Старший офицер, ближайший помощник капитана, так сказать «хозяйский глаз» судна и верховный жрец культа порядка и чистоты, по обыкновению поднявшись вместе с матросами, с пяти часов утра носился по клиперу во время обычной его утренней уборки и торопился теперь выпить поскорее стакан-другой горячего чаю, чтобы затем снова выбежать наверх и поторапливать выгрузкой угля. Отдавши вахтенному офицеру приказание собрать вторую вахту на берег, приготовить баркас и дать ему знак, когда люди будут готовы, он торопливо сбежал с мостика и спустился в кают-компанию.
Тем временем к мостику подбежал вызванный боцман Никитин, или Егор Митрич, как почтительно звали его матросы. Приложив растопыренные засмоленные пальцы своей здоровенной мозолистой и шершавой руки к сбитой на затылок намокшей шапке, он внимательно выслушивал приказание вахтенного офицера.

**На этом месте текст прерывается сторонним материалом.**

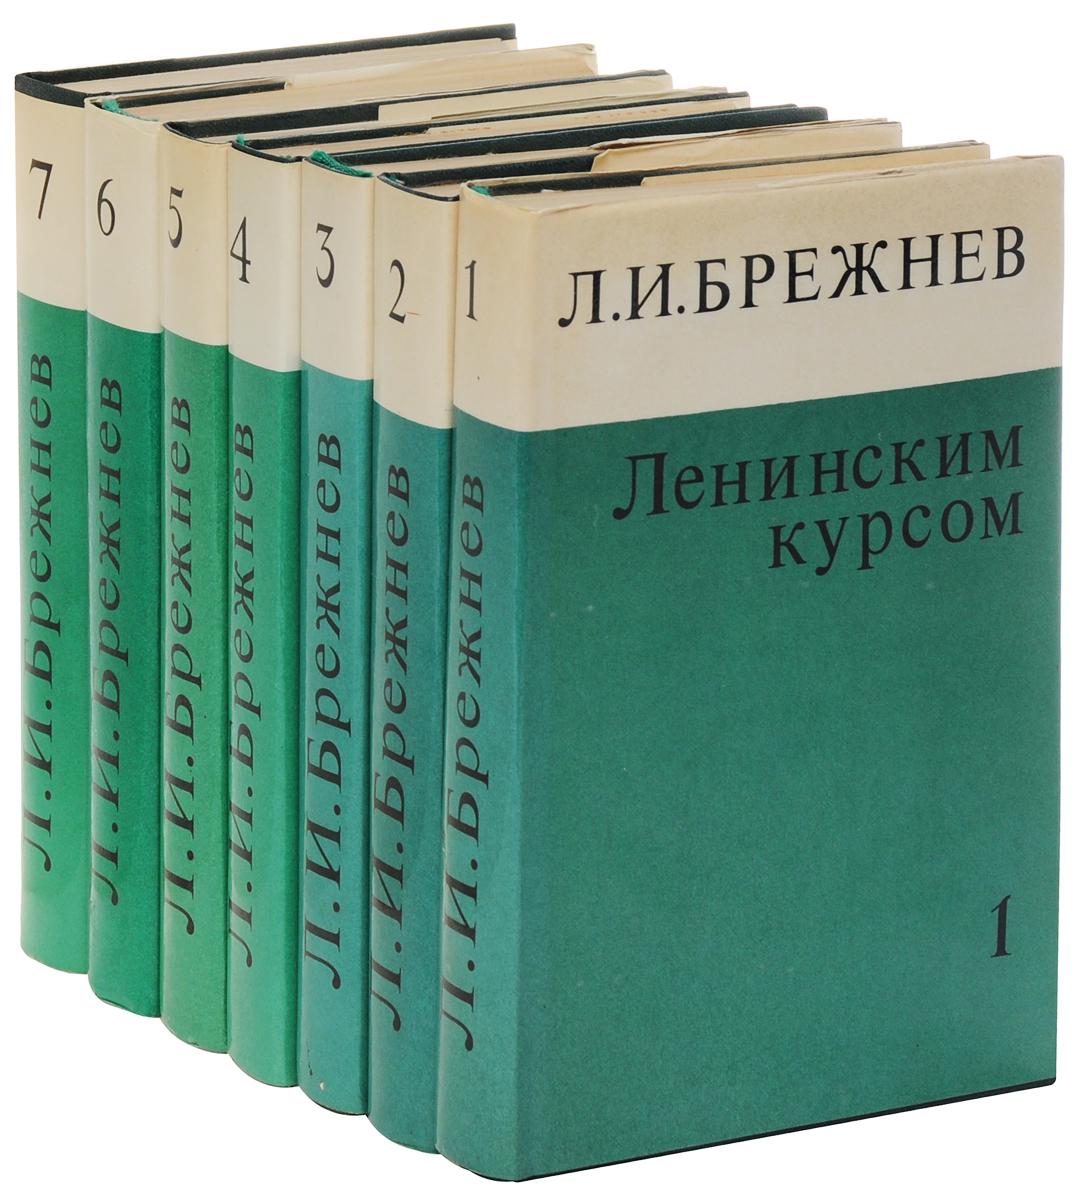 Леонид Брежнев Ленинским курсом (комплект из 7 книг)

Это был коренастый и крепкий, небольшого роста, сутуловатый пожилой человек самого свирепого вида: с заросшим волосами некрасивым рябым лицом, с коротко подстриженными щетинистыми колючими усами и с выкаченными, как у рака, глазами, над которыми торчали черные взъерошенные клочья. Перешибленный еще давно марса-фалом нос напоминал темно-красную сливу. В правом ухе у боцмана блестела медная сережка.
Несмотря, однако, на такую свирепую наружность и на самое отчаянное сквернословие, которым боцман приправлял и свои обращения к матросам, и свои монологи под пьяную руку на берегу, Егор Митрич был простодушнейшим и кротким существом с золотым сердцем и притом лихим, знающим свое дело до тонкости боцманом. Он никогда не обижал матросов – ни он, ни матросы не считали, конечно, обидой его ругательные импровизации. Сам прежде выученный битьем, он, однако, не дрался и всегда был предстателем и защитником матросов. Нечего и прибавлять, что простой и незаносчивый Егор Митрич пользовался среди команды уважением и любовью.

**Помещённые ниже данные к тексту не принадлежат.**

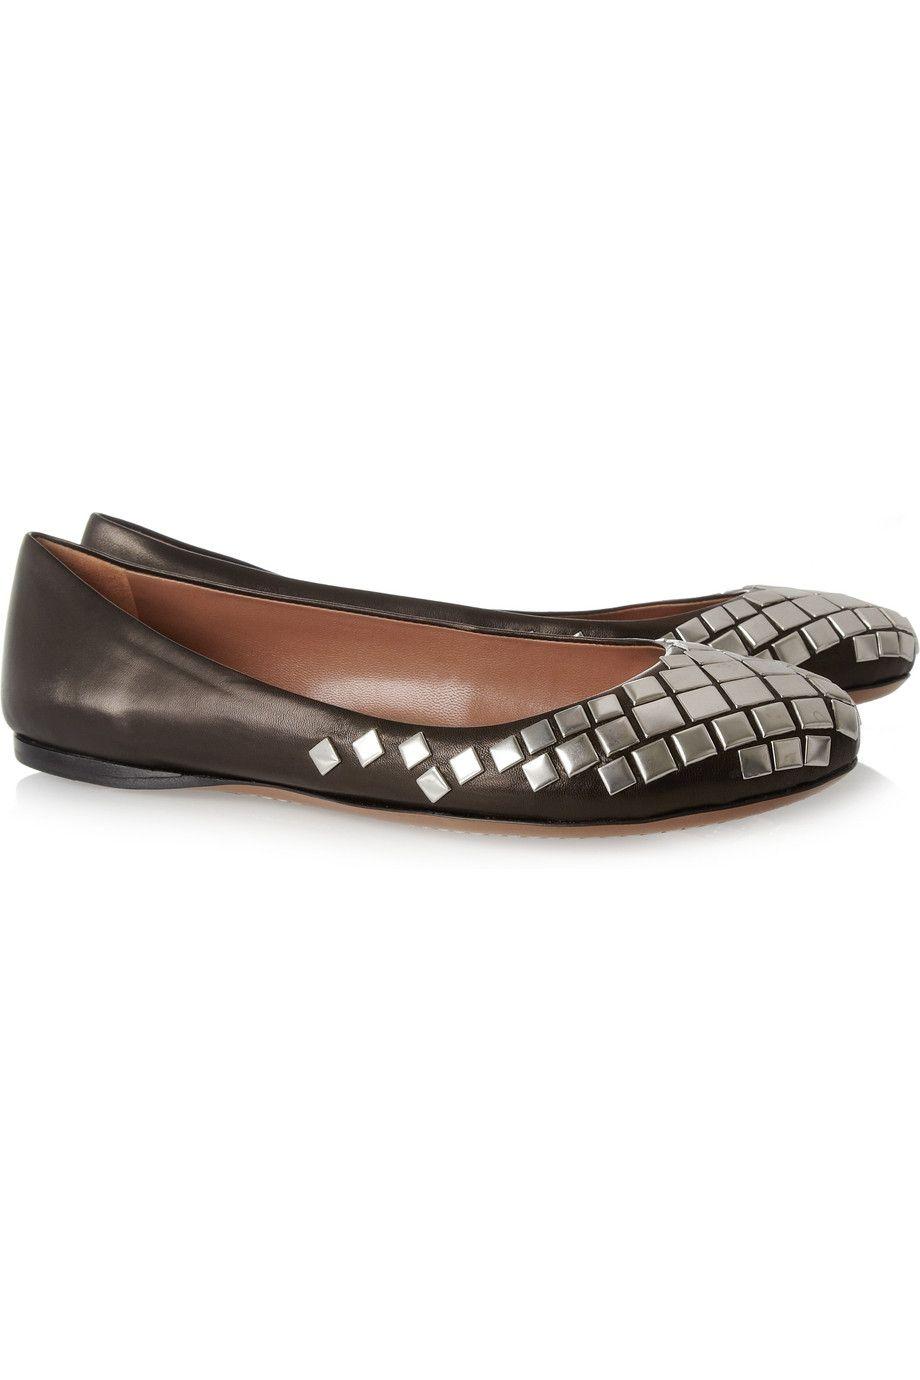 Alaïa Studded Leather Flats 2014 sale online kF3LeF4BWr

«Правильный человек Егор Митрич», – говорили про него матросы.
Выслушав приказание вахтенного лейтенанта, боцман вприпрыжку понесся на бак и, вынув из кармана штанов висевшую на длинной медной цепочке такую же дудку, засвистал в нее соловьем. Свист был энергичный и веселый и словно бы предупреждал о радостном известии. Отсвистав и проделав трели с мастерством заправского боцмана, свиставшего в дудку половину своей долгой морской службы, он нагнулся над люком в жилую палубу и, расставив фертом свои цепкие, слегка кривые, короткие ноги, весело зыкнул во всю силу своего могучего голоса, несколько осипшего и от береговых попоек, и от ругани:
– Вторая вахта, в баню! Баркасные, на баркас!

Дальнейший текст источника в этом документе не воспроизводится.